У нее было два-три подобных страха, и когда она рассказывала о них, что-то ужасное искажало черты красивого лица, и сама мысль заняться с ней любовью уже казалась дикой.
28
В 1959 году я оказался в Париже; я до этого съехал из дома на взморье по адресу 24848, Малибу-Роуд — цифра на объявлении о продаже дома сразу заворожила меня; потом съехал из номера 1015 (конечно, это похуже, чем 24848, но, теряя в красоте цифры, само помещение имело преимущество благодаря размерам, высоте потолка, холлу и кладовке), так вот, я как раз съехал из номера 1015 отеля «Роэлтон» по 44 Вест 44-й улицы в Нью-Йорке (тоже ведь изумительно звучит — 44 Вест 44) и отправился на итальянском судне в Венецию, остановясь сначала в Лиссабоне, чтобы побродить по городу, где все напоминало мне прогулки с детьми за два года до этого, потом в Сицилии — в ее самом западном городке, названия которого не помню; Мессина — самый восточный город, я никогда не забуду Мессину; Палермо, ах да, Палермо — вот как зовется самый западный город Сицилии, потом в Неаполе, и везде я гулял, потом — в Патрасе, который неподалеку от Миссолонги, где, полагают, скончался Байрон, сражаясь на стороне греков во время одной из их обреченных войн с Турцией, но кто же его знает, этого Байрона, его имя, его гибель окружены легендами, а потом я приплыл в Венецию, сошел с корабля, покатался на гондоле, они там снуют повсюду, доехал поездом до Белграда и здесь, в Белграде, купил себе небольшую машину — но к чему я все это говорю, почему никак не доберусь до цели?

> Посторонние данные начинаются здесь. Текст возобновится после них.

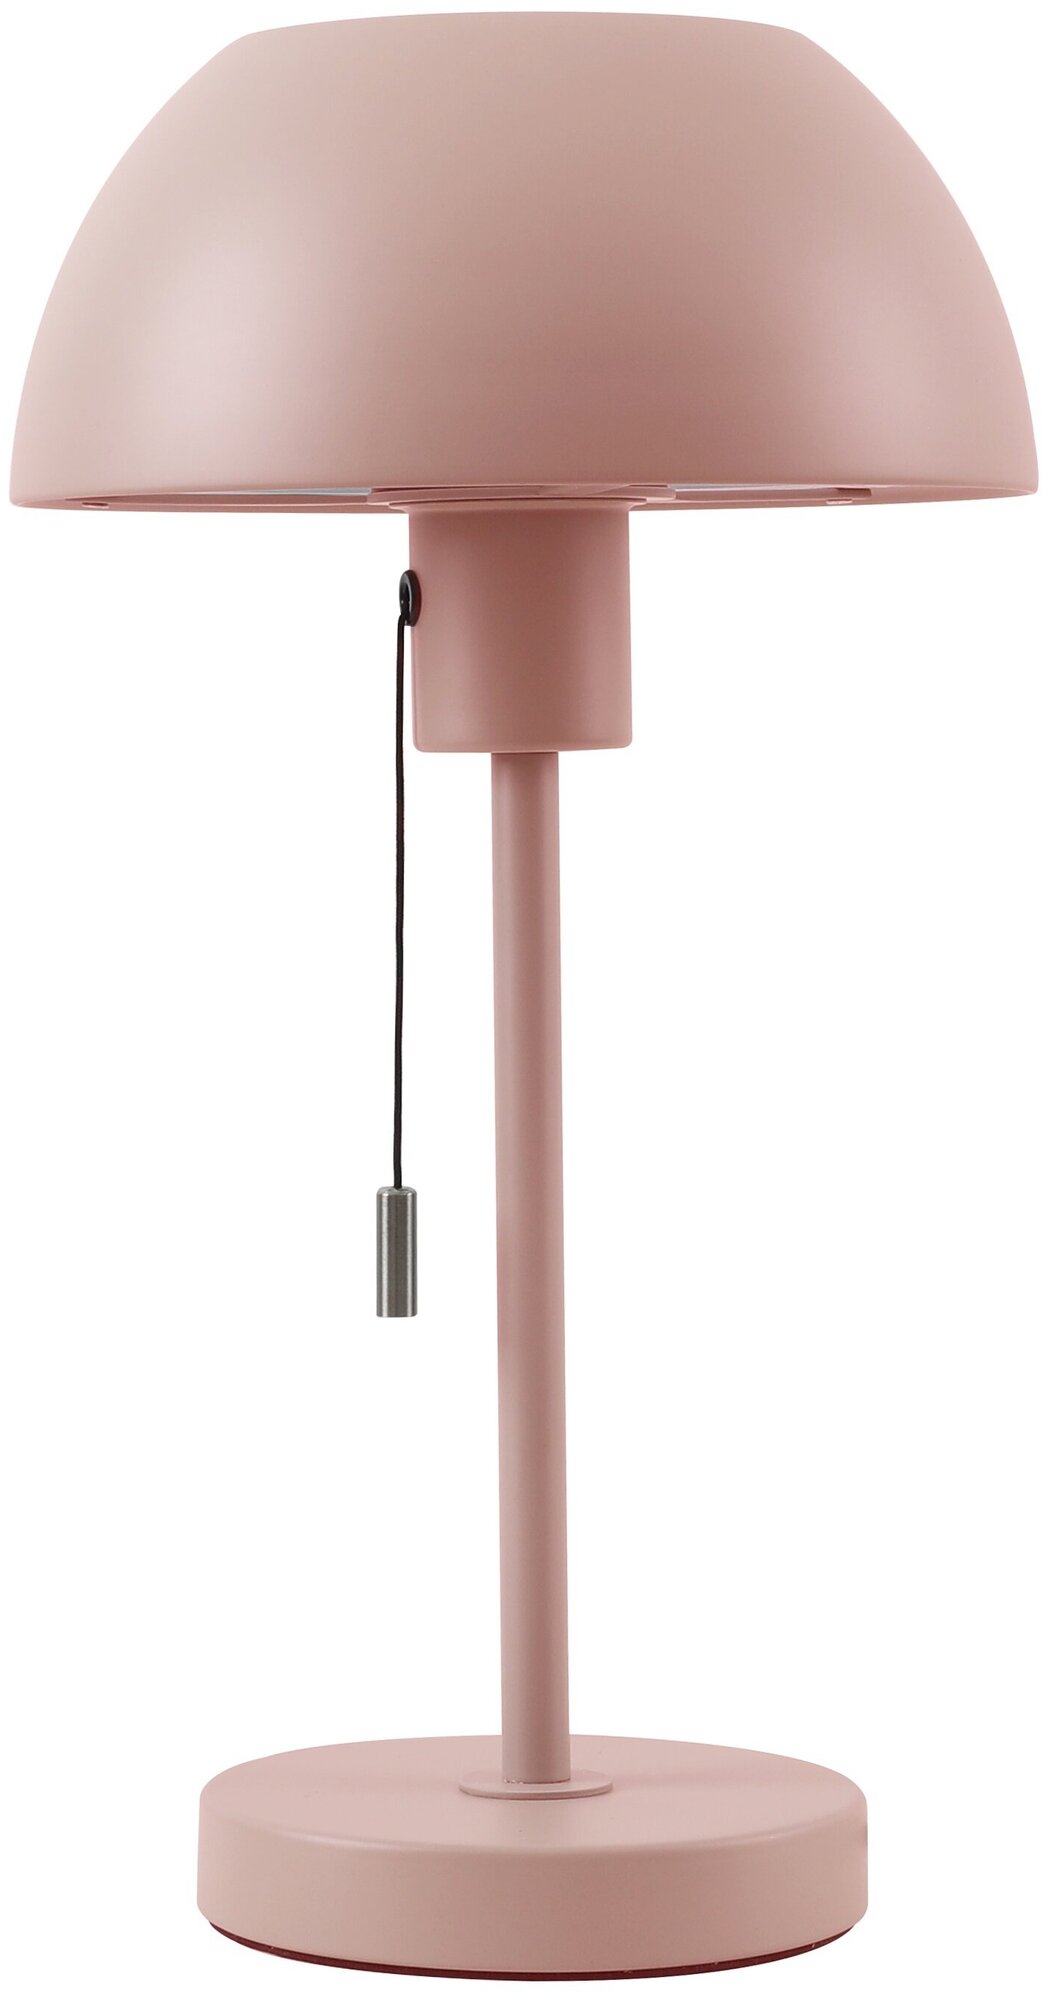 Светильник настольный HT-709R, ARTSTYLE, розовый (мат.), металлический, E27

Просто кто бы ты ни был, в том-то и суть, что достигнуть цели — самое трудное в путешествии, и если ты собираешься или по крайней мере надеешься ее достигнуть — надо отправиться в путь, что я и делаю. Я заплатил тысячу четыреста долларов наличными за автомобиль с немецким мотором и итальянским корпусом и сел за руль; я ехал, ехал, потом остановился в Канне и начал там играть в карты, и очень скоро мои денежки попели. Я разорился — двенадцать тысяч долларов я хлопнул, да еще был должен пятьдесят тысяч долларов вашингтонскому инспектору по налогам. Что же делать?
Я поехал в Париж и обнаружил, что уже апрель. Апрель 1959 года. (Значит, это было ровно тринадцать лет назад.)
Дело было плохо, я вел жизнь миллионера, ел икру и пил водку, жил в отеле «Георг V», играл в Клубе авиаторов, транжирил, проигрывал.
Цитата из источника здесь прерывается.